* _ABOUT THIS TASK_: Exactly as written, return every line of the data below apart from the pictures.
BEGIN DATA PROVIDED
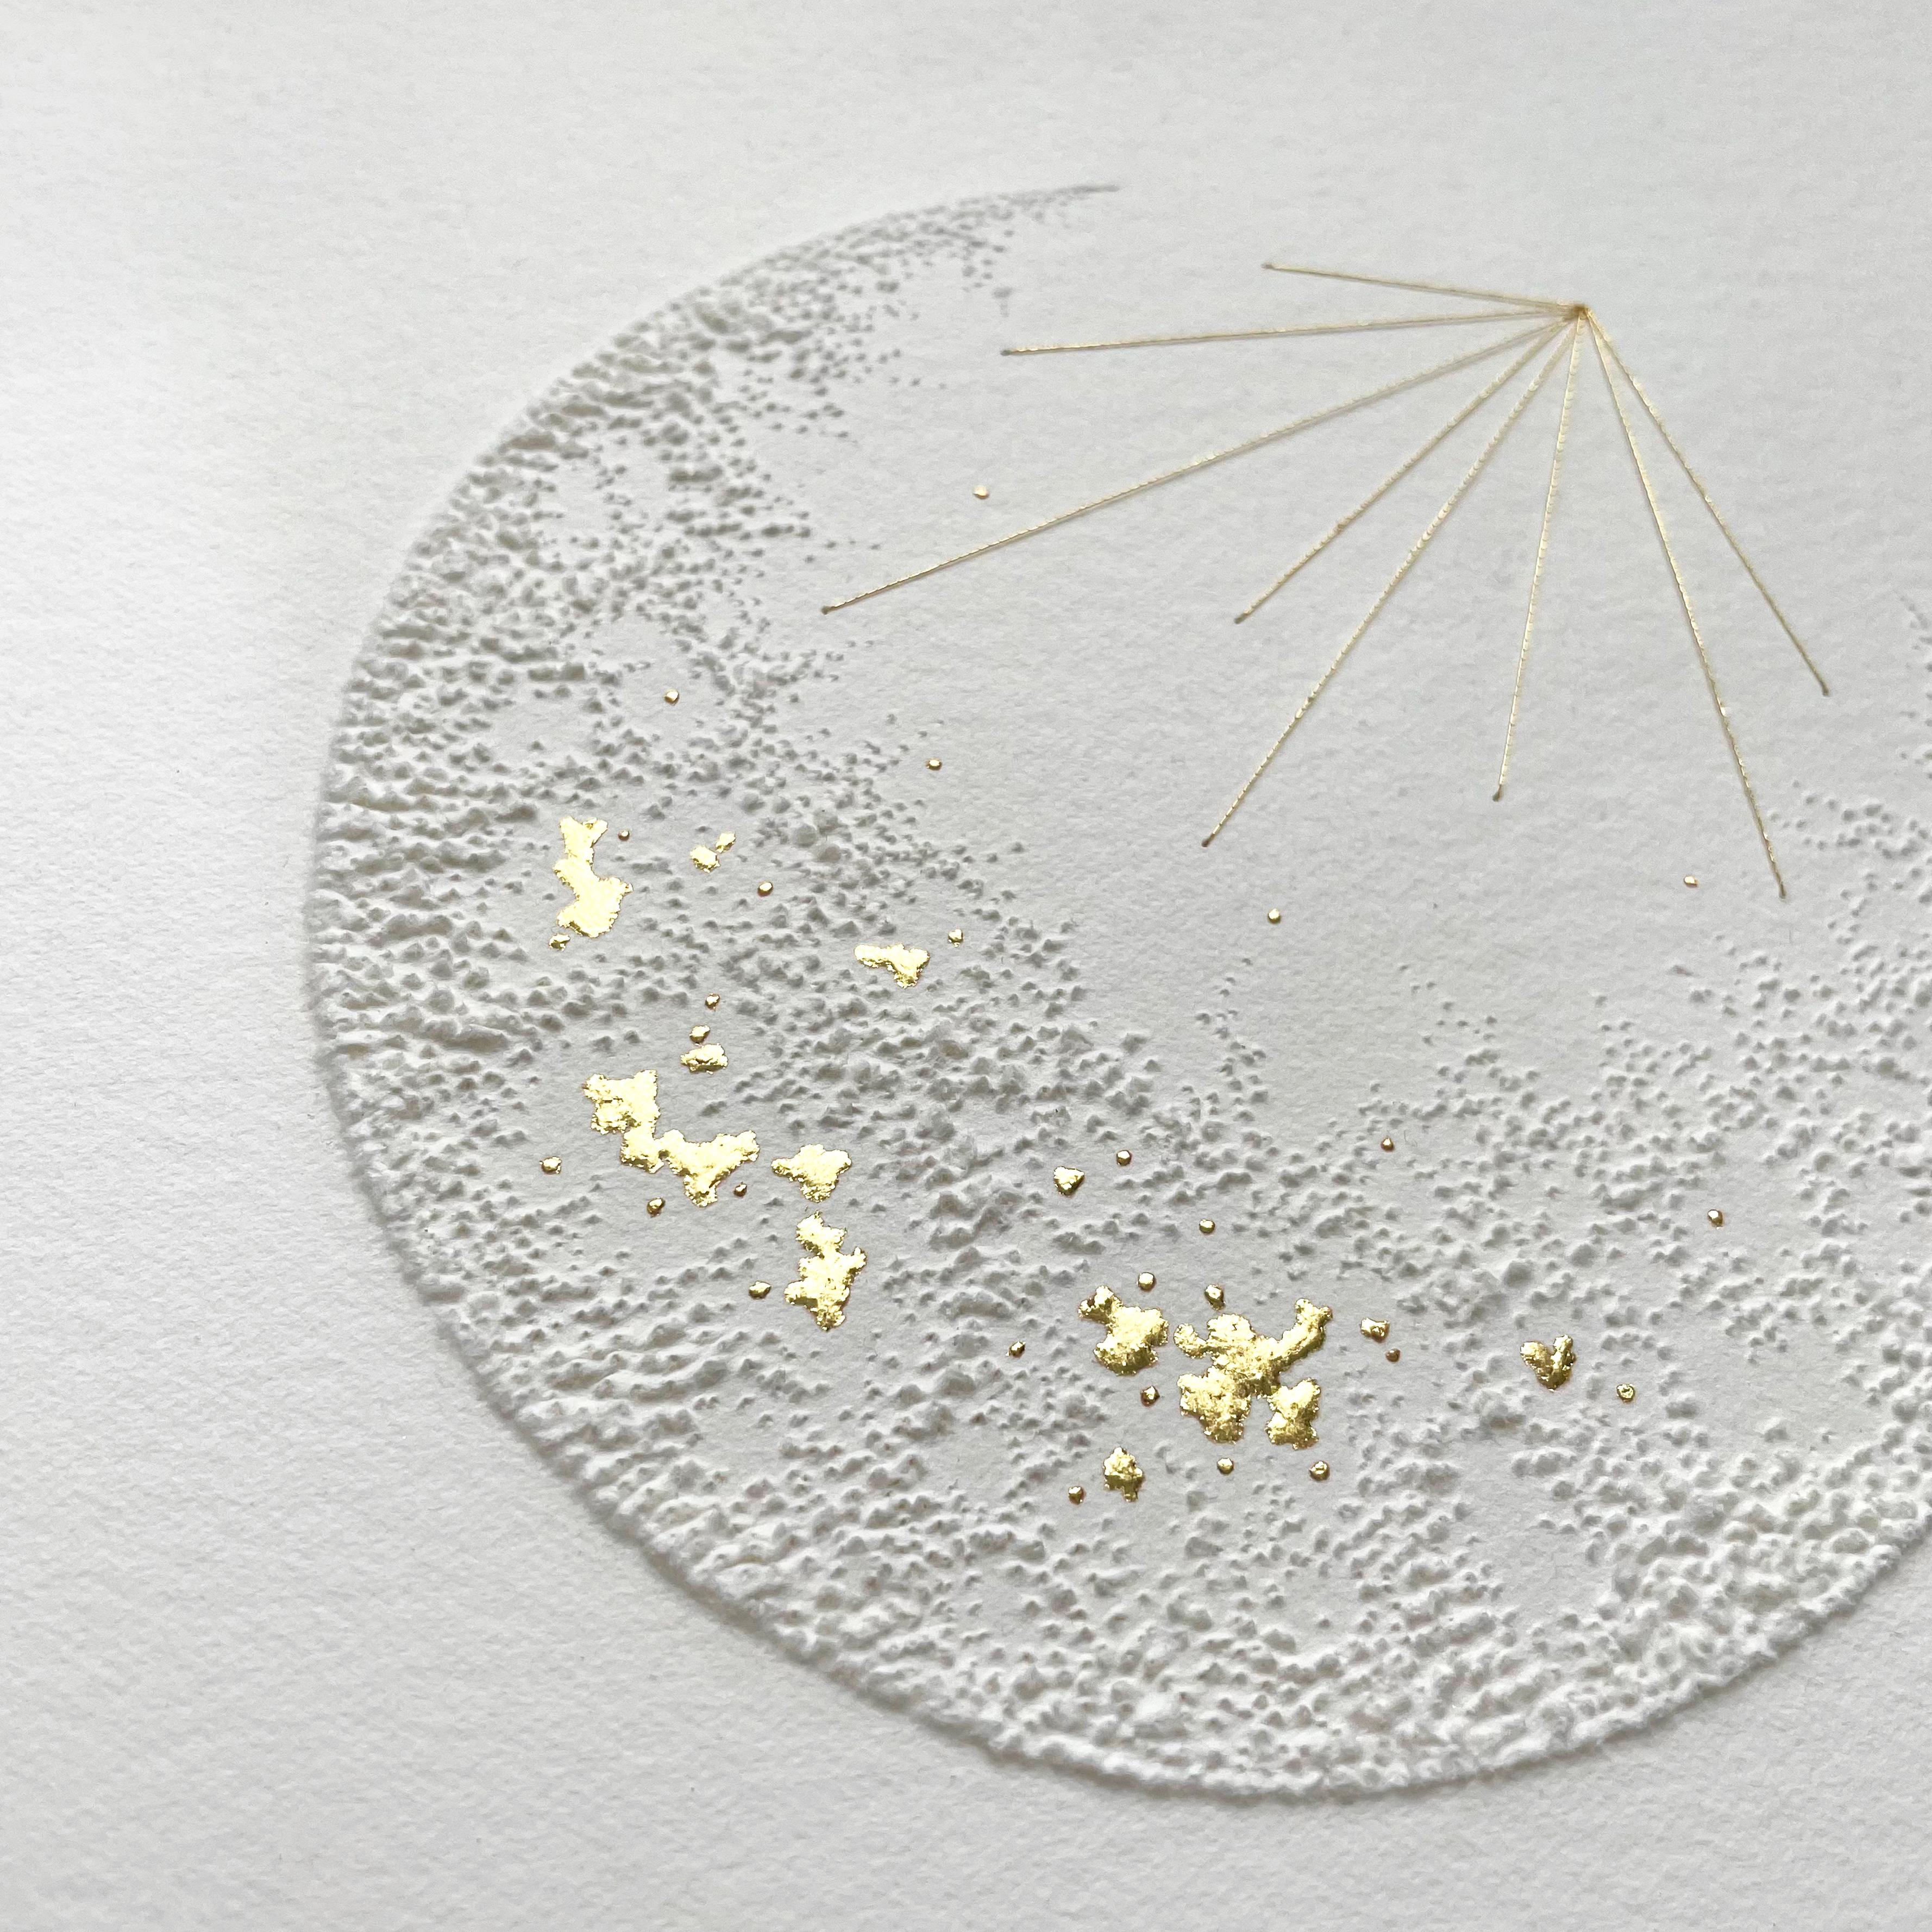 Moon 2- white 3D abstract circle with gold leaves. thread and pulled paper fiber - Art by Antonin Anzil
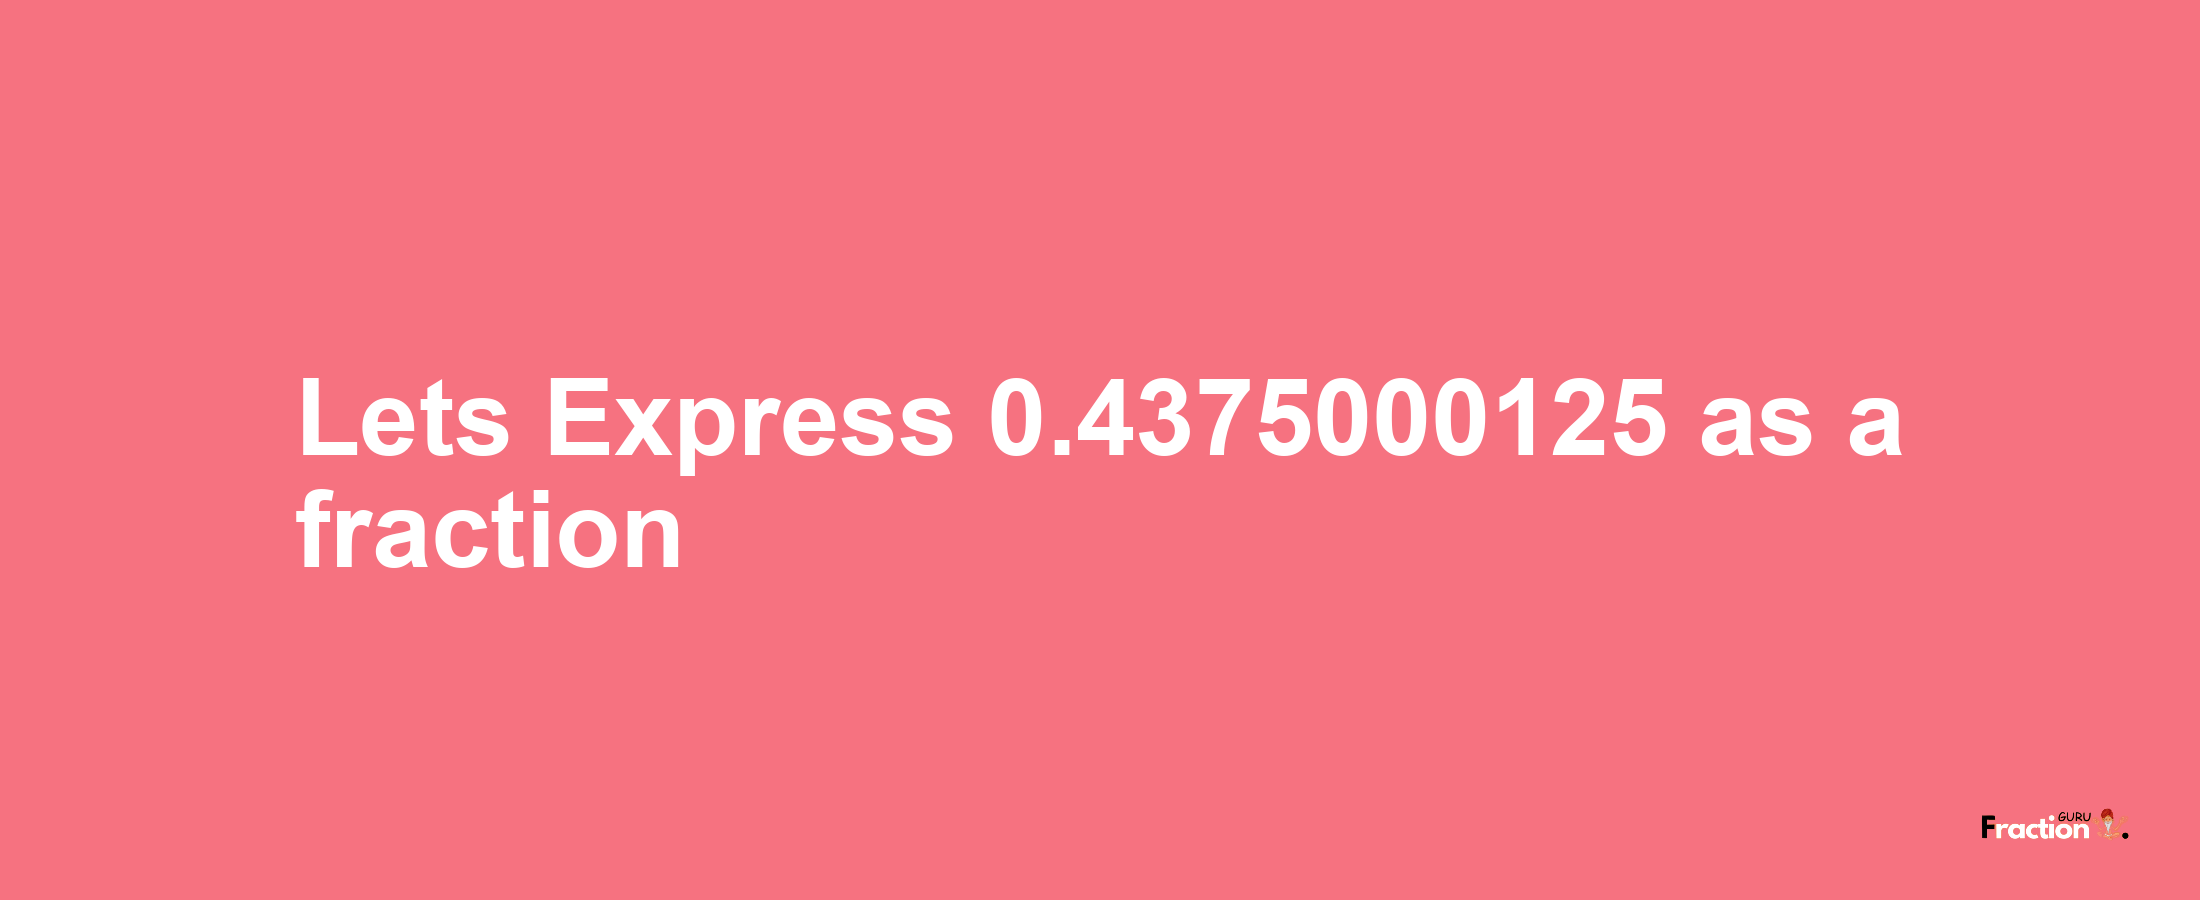 Lets Express 0.4375000125 as afraction
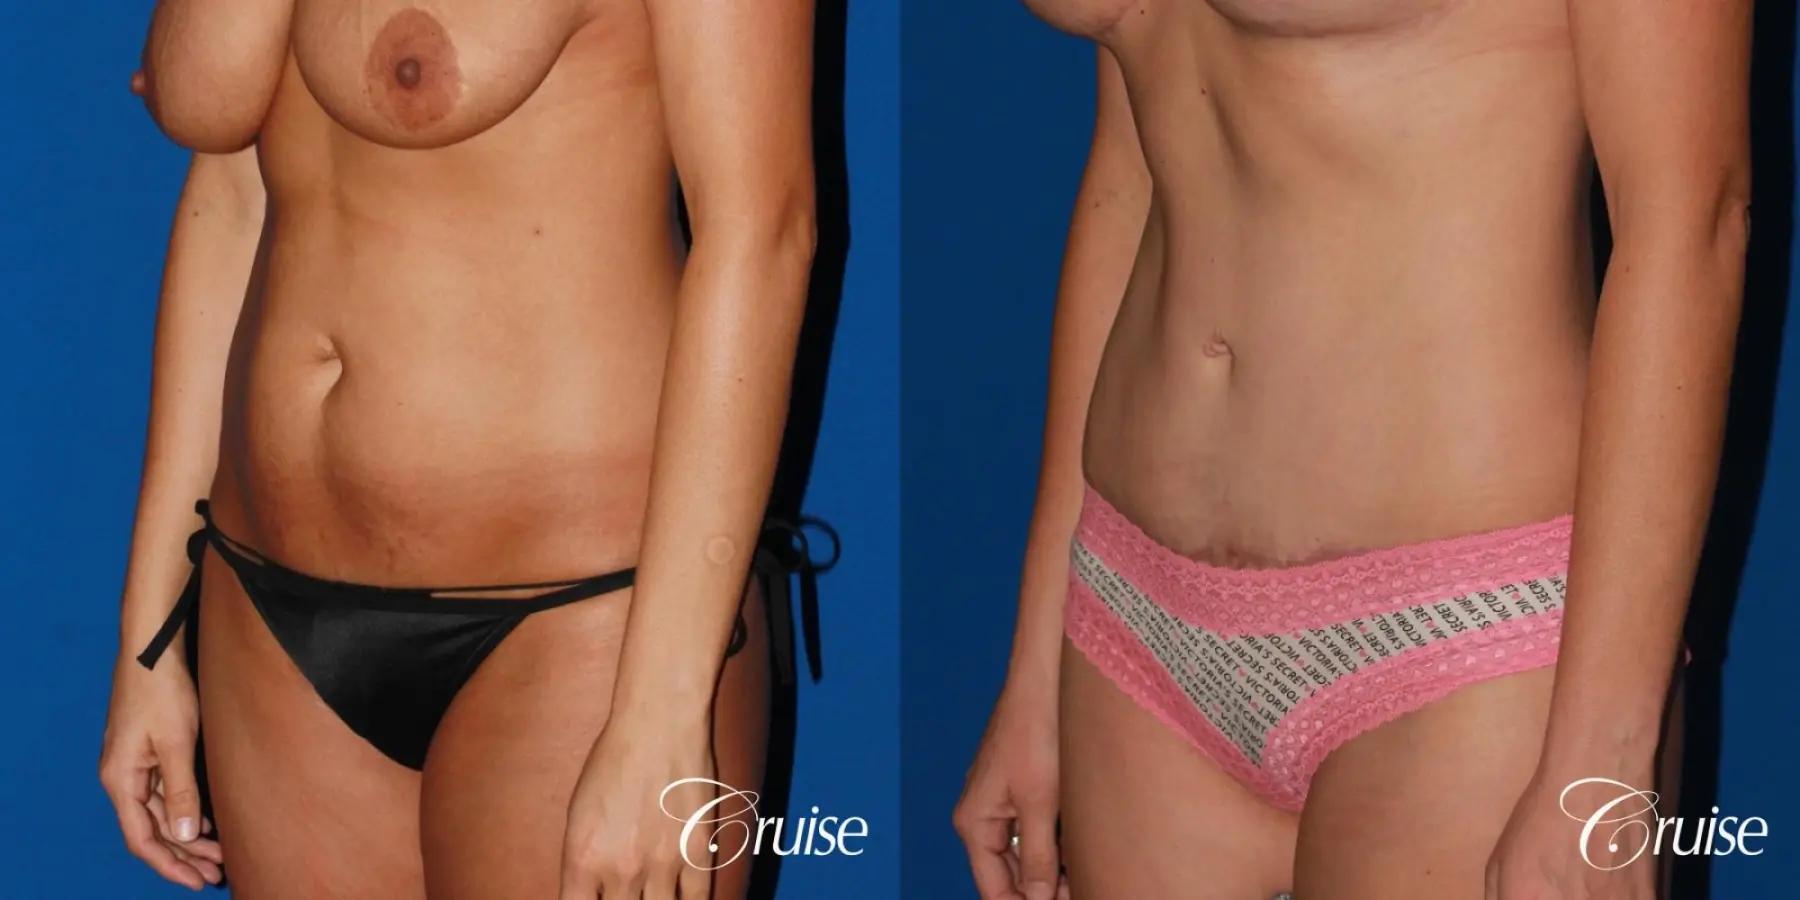 Standard Tummy Tuck & Liposuction: 35 Yr Old Female - Before and After 3
END DATA PROVIDED
* _YOUR SOLUTION_:
 Moon 2- white 3D abstract circle with gold leaves. thread and pulled paper fiber - Art by Antonin Anzil
 Lets Express 0.4375000125 as afraction
 Standard Tummy Tuck & Liposuction: 35 Yr Old Female - Before and After 3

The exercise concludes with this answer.